Pretrained CLIP-Vision-BERT pre-trained on translated [Conceptual-12M](https://github.com/google-research-datasets/conceptual-12m) image-text pairs using a masked language modeling (MLM) objective. 10M cleaned image-text pairs are translated using [mBART-50 one-to-many model](https://huggingface.co/facebook/mbart-large-50-one-to-many-mmt) to 2.5M examples each in English, French, German and Spanish. This model is based on the VisualBERT which was introduced in
[this paper](https://arxiv.org/abs/1908.03557) and first released in
[this repository](https://github.com/uclanlp/visualbert). We trained CLIP-Vision-BERT model during community week hosted by Huggingface 🤗 using JAX/Flax.

This checkpoint is pre-trained for 60k steps.

## Model description
CLIP-Vision-BERT is a modified BERT model which takes in visual embeddings from CLIP-Vision transformer and concatenates them with BERT textual embeddings before passing them to the self-attention layers of BERT. This is done for deep cross-modal interaction between the two modes.

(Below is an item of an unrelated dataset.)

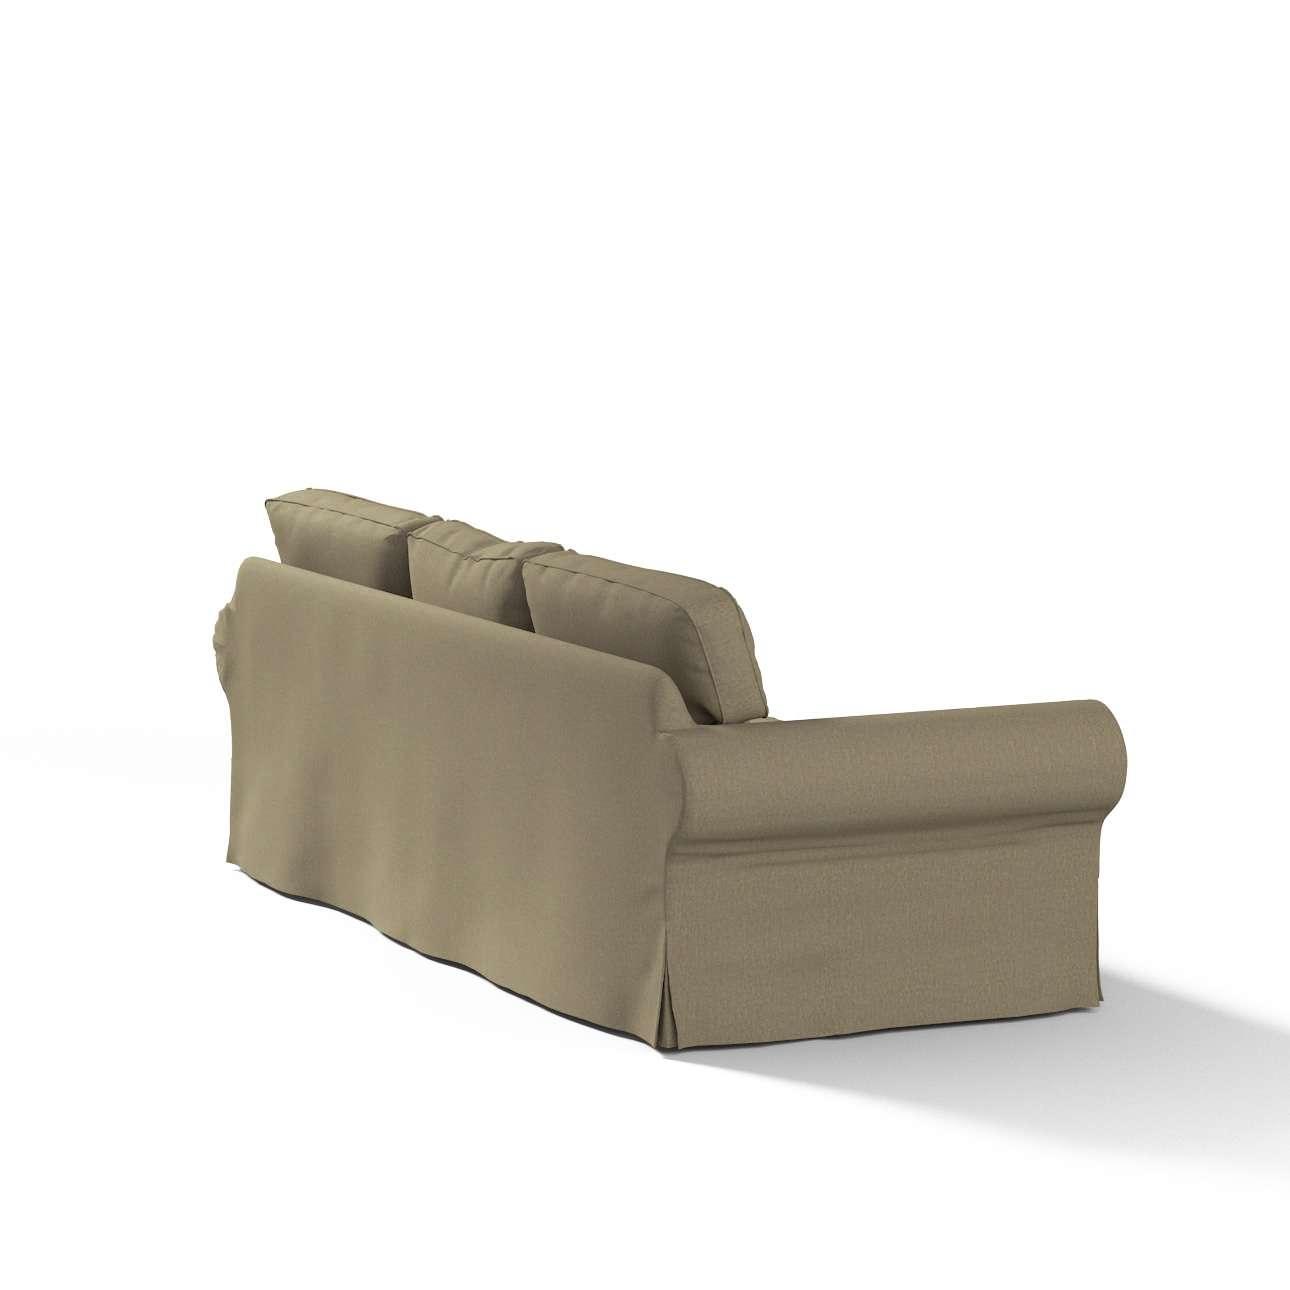 Pokrowiec na sofę Ektorp 3-osobową, rozkładaną NOWY MODEL 2013 Ektorp 3-os rozkładany nowy model 2013 w kolekcji Chenille, tkanina: 702-21

## Intended uses & limitations❗️
You can use the raw model for masked language modeling, but it's mostly intended to be fine-tuned on a downstream task.
Note that this model is primarily aimed at being fine-tuned on tasks such as visuo-linguistic sequence classification or visual question answering. We used this model to fine-tuned on a multi-translated version of the visual question answering task - [VQA v2](https://visualqa.org/challenge.html). Since Conceptual-12M is a dataset scraped from the internet, it will involve some biases which will also affect all fine-tuned versions of this model.

### How to use❓
You can use this model directly with a pipeline for masked language modeling. You will need to clone the model from [here](https://github.com/gchhablani/multilingual-vqa). An example of usage is shown below:
```python
>>> from torchvision.io import read_image
>>> import numpy as  np
>>> import os
>>> from transformers import CLIPProcessor, BertTokenizerFast
>>> from model.flax_clip_vision_bert.modeling_clip_vision_bert import FlaxCLIPVisionBertForMaskedLM
>>> image_path = os.path.join('images/val2014', os.listdir('images/val2014')[0])
>>> img = read_image(image_path)
>>> clip_processor = CLIPProcessor.from_pretrained('openai/clip-vit-base-patch32')
ftfy or spacy is not installed using BERT BasicTokenizer instead of ftfy.
>>> clip_outputs = clip_processor(images=img)
>>> clip_outputs['pixel_values'][0] = clip_outputs['pixel_values'][0].transpose(1,2,0) # Need to transpose images as model expected channel last images.
>>> tokenizer = BertTokenizerFast.from_pretrained('bert-base-multilingual-uncased')
>>> model = FlaxCLIPVisionBertForMaskedLM.from_pretrained('flax-community/clip-vision-bert-cc12m-60k')
>>> text = "Three teddy [MASK] in a showcase."
>>> tokens = tokenizer([text], return_tensors="np")
>>> pixel_values = np.concatenate([clip_outputs['pixel_values']])
>>> outputs = model(pixel_values=pixel_values, **tokens)
>>> indices = np.where(tokens['input_ids']==tokenizer.mask_token_id)
>>> preds = outputs.logits[indices][0]
>>> sorted_indices = np.argsort(preds)[::-1] # Get reverse sorted scores
/home/crocoder/anaconda3/lib/python3.8/site-packages/jax/_src/numpy/lax_numpy.py:4615: UserWarning: 'kind' argument to argsort is ignored.
  warnings.warn("'kind' argument to argsort is ignored.")
>>> top_5_indices = sorted_indices[:5]
>>> top_5_tokens = tokenizer.convert_ids_to_tokens(top_5_indices)
>>> top_5_scores = preds[top_5_indices]
>>> print(dict(zip(top_5_tokens, top_5_scores)))
{'bears': 19.241959, 'bear': 17.700356, 'animals': 14.368396, 'girls': 14.343797, 'dolls': 14.274415}

```

## Training data 🏋🏻‍♂️
The CLIP-Vision-BERT model was pre-trained on a translated version of the Conceptual-12m dataset in four languages using mBART-50: English, French, German and Spanish, with 2.5M image-text pairs in each.

The dataset captions and image urls can be downloaded from [flax-community/conceptual-12m-mbart-50-translated](https://huggingface.co/datasets/flax-community/conceptual-12m-mbart-50-multilingual).

## Data Cleaning 🧹

Though the original dataset contains 12M image-text pairs, a lot of the URLs are invalid now, and in some cases, images are corrupt or broken. We remove such examples from our data, which leaves us with approximately 10M image-text pairs.

**Splits**
We used 99% of the 10M examples as a train set, and the remaining ~ 100K examples as our validation set. 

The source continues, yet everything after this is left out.